Thursday, June 22, 2017

Philosophical Categories

A system of categories is a complete list of highest kinds or genera. Traditionally, following Aristotle, these have been thought of as highest genera of entities (in the widest sense of the term), so that a system of categories undertaken in this realist spirit would ideally provide an inventory of everything there is, thus answering the most basic of metaphysical questions: “What is there?” Skepticism about the possibilities for discerning the different categories of ‘reality itself’ has led others to approach category systems not with the aim of cataloging the highest kinds in the world itself, but rather with the aim of elucidating the categories of our conceptual system. Thus Kant makes the shift to a conceptualist approach by drawing out the categories that are a priori necessary for any possible cognition of objects. Since such categories are guaranteed to apply to any possible object of cognition, they retain a certain sort of ontological import, although this application is limited to phenomena, not the thing in itself.

 After Kant, it has been common to approach the project of categories in a neutral spirit that Brian Carr (1987, 7) calls “categorial descriptivism”, as describing the categorial structure that the world would have according to our thought, experience, or language, while refraining from making commitments about whether or not these categories are occupied.

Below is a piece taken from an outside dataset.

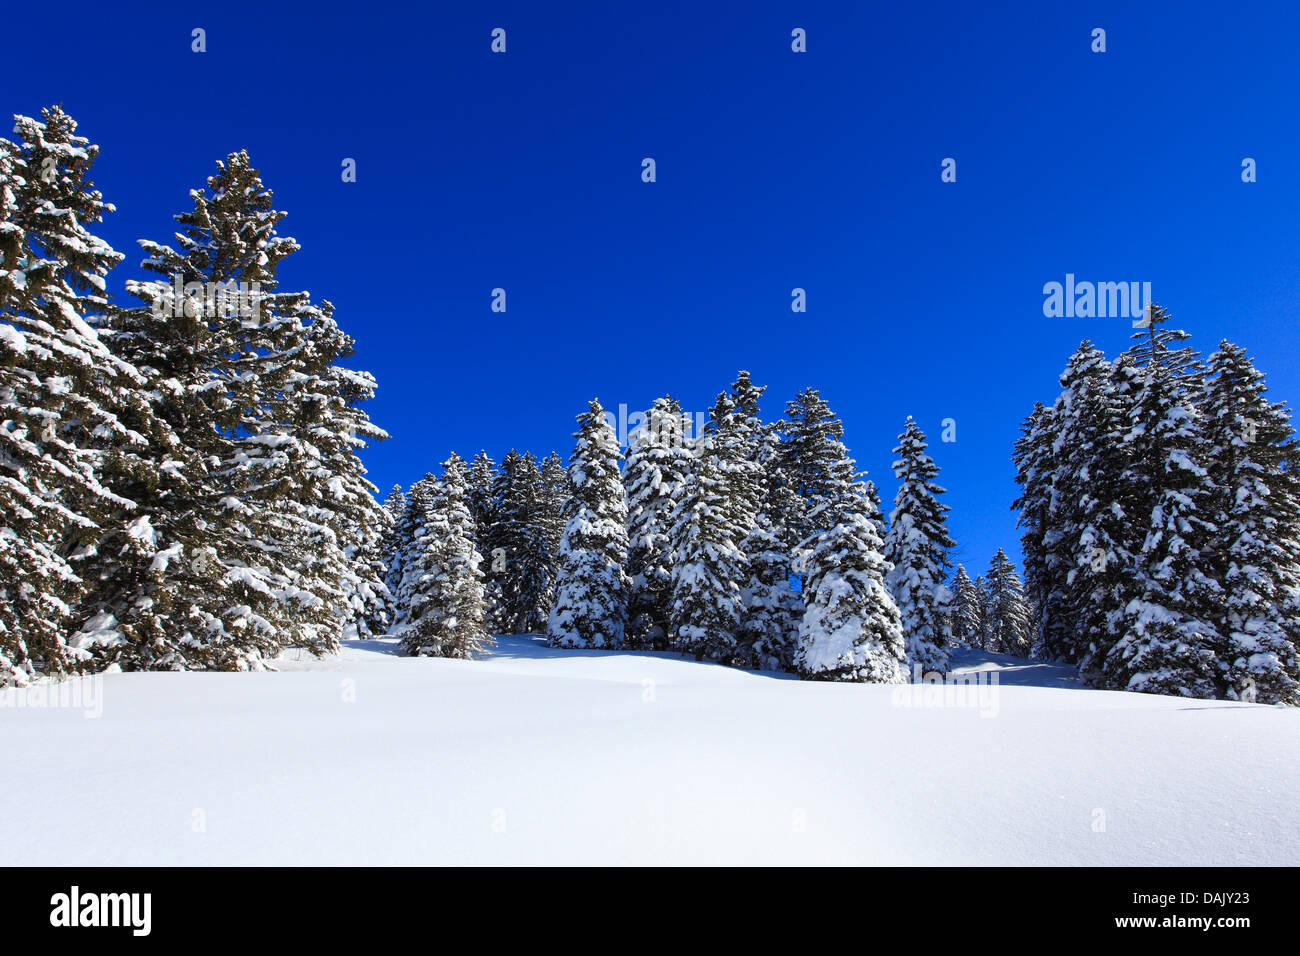 Norway spruce (Picea abies), snowy coniferous forest in sunlight, Switzerland Stock Photo

Edmund Husserl approaches categories in something like this way, since he begins by laying out categories of meanings, which may then be used to draw out ontological categories (categories of possible objects meant) as the correlates of the meaning categories, without concern for any empirical matter about whether or not there really are objects of the various ontological categories discerned.

A system of ontological categories drawn out in any of these modes has the potential for a great many uses in philosophy, but those who would offer such systems of categories also face a variety of difficulties. They must address the issue of what the proper methods are by means of which categories are to be distinguished, how many categories there are and what they are, whether or not there is a single summum genus subsuming all other categories, and whether we should distinguish a single system of categories or multiple dimensions of categories—issues on which there has been little agreement.

Over the past hundred years, skepticism about the possibility of offering a uniquely true and complete system of ontological categories has led discussion of categories to shift from attempts to offer complete systems of categories to attempts merely to draw particular distinctions, especially among our conceptual or linguistic categories. Work on category differences, unlike that on category systems, does not generally purport to answer deep metaphysical questions about what things or kinds of things exist; instead, category differences are articulated as a way of diagnosing and avoiding various philosophical problems and confusions. Nonetheless, even those who merely argue for category differences owe an account of the conditions under which two concepts, terms, or objects belong to different categories.